Information given:

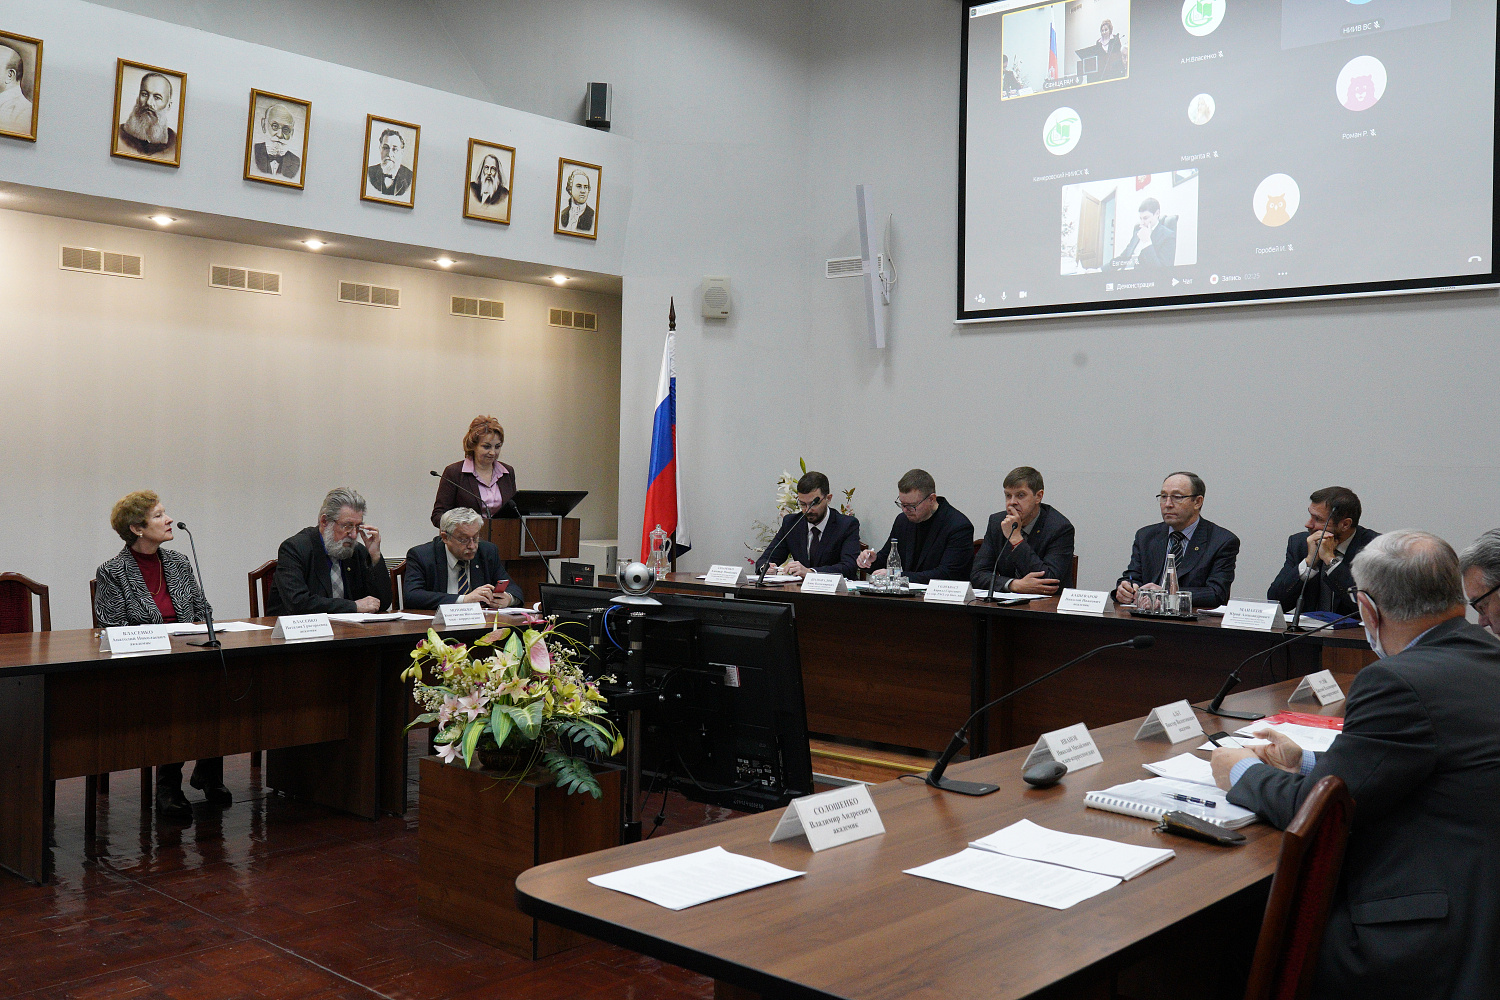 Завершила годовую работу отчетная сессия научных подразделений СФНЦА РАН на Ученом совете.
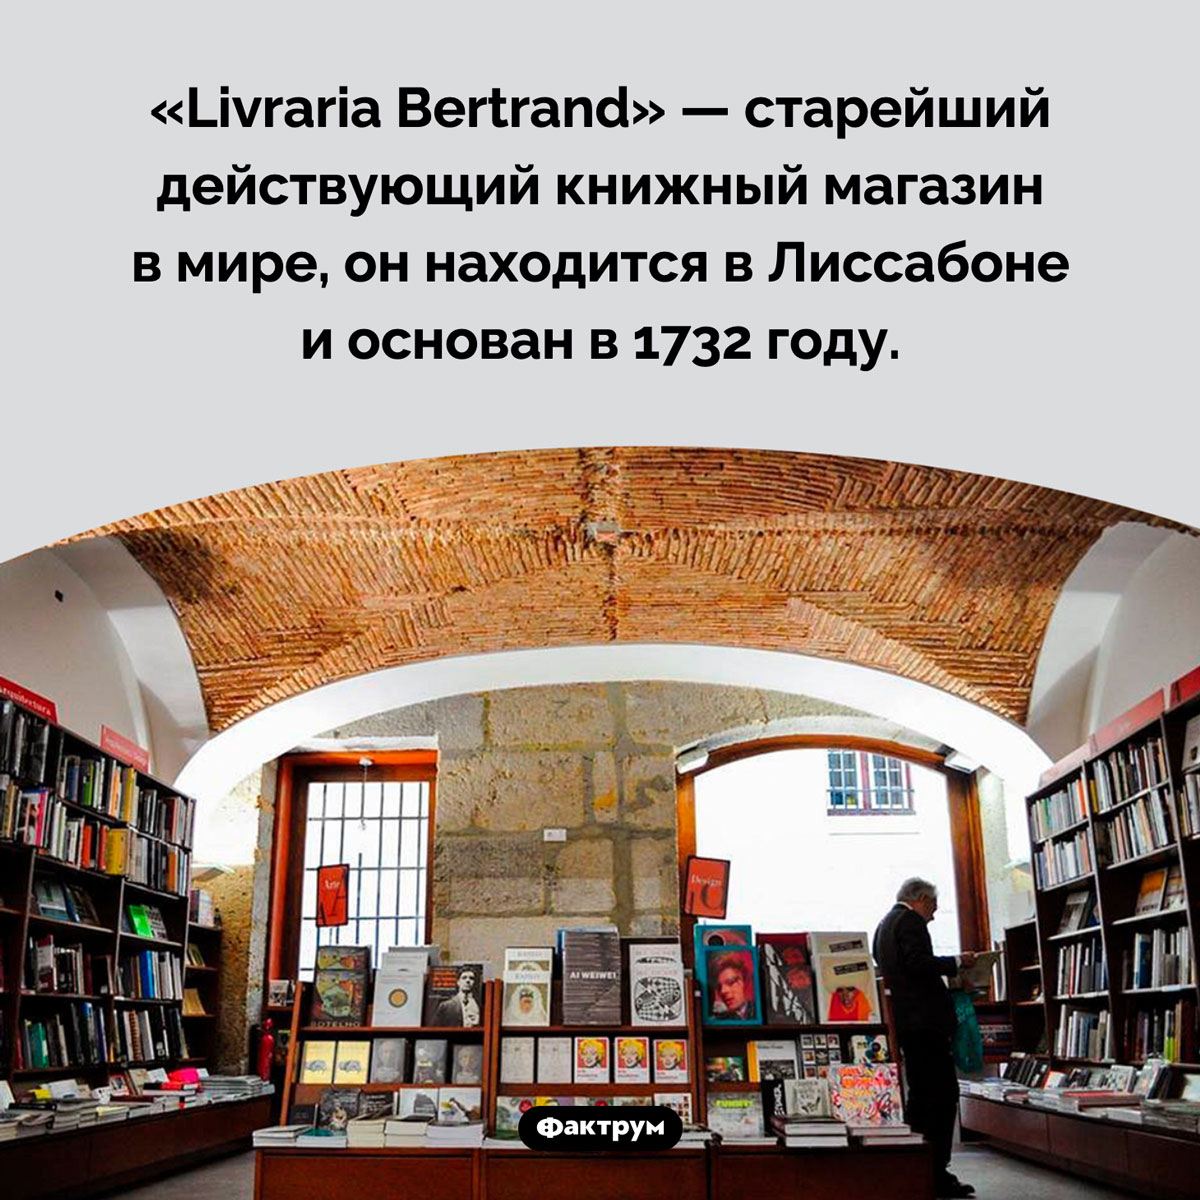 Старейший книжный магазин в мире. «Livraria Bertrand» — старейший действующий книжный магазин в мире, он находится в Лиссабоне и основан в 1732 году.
* * *
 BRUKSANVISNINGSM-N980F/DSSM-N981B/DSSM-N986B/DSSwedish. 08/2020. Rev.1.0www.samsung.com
==
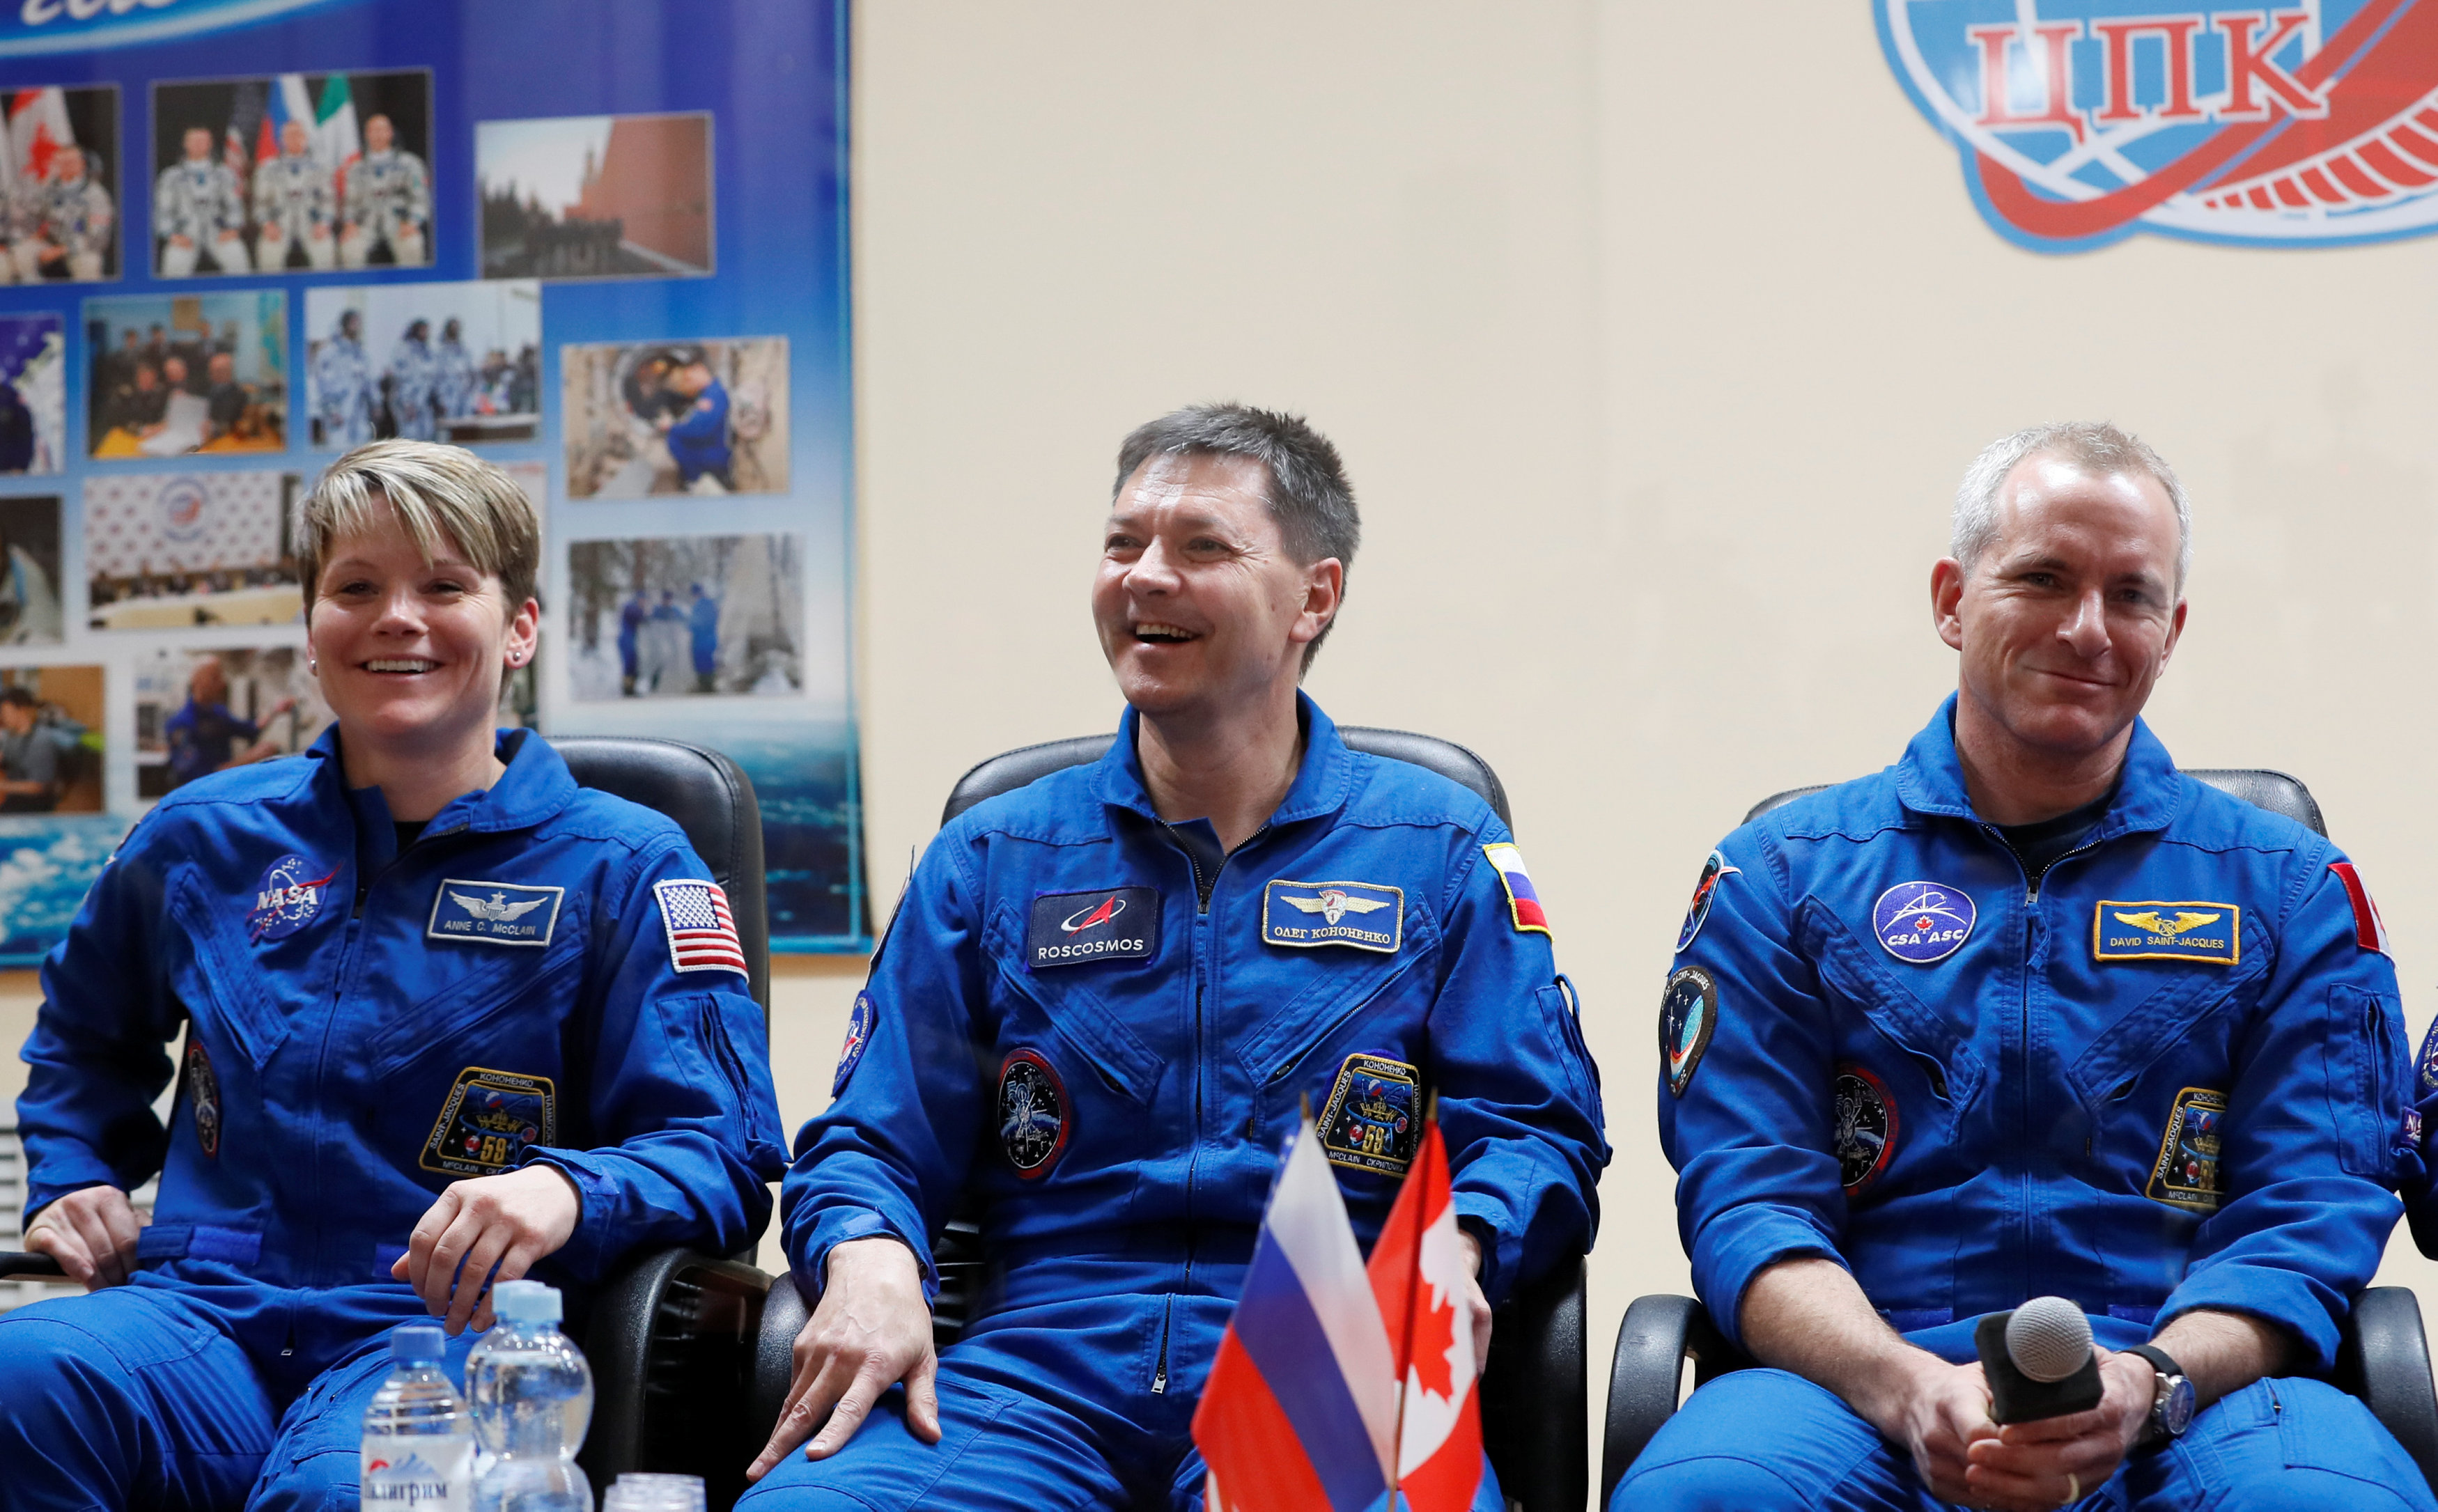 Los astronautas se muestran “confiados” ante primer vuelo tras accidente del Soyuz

What is being asked: Would you write out exactly the lines above, starting at the line containing "Завершила годовую работу" and stopping after the line containing "Старейший книжный магазин"? Omit the pictures.

Solution to this problem:
 Завершила годовую работу отчетная сессия научных подразделений СФНЦА РАН на Ученом совете.
 Старейший книжный магазин в мире. «Livraria Bertrand» — старейший действующий книжный магазин в мире, он находится в Лиссабоне и основан в 1732 году.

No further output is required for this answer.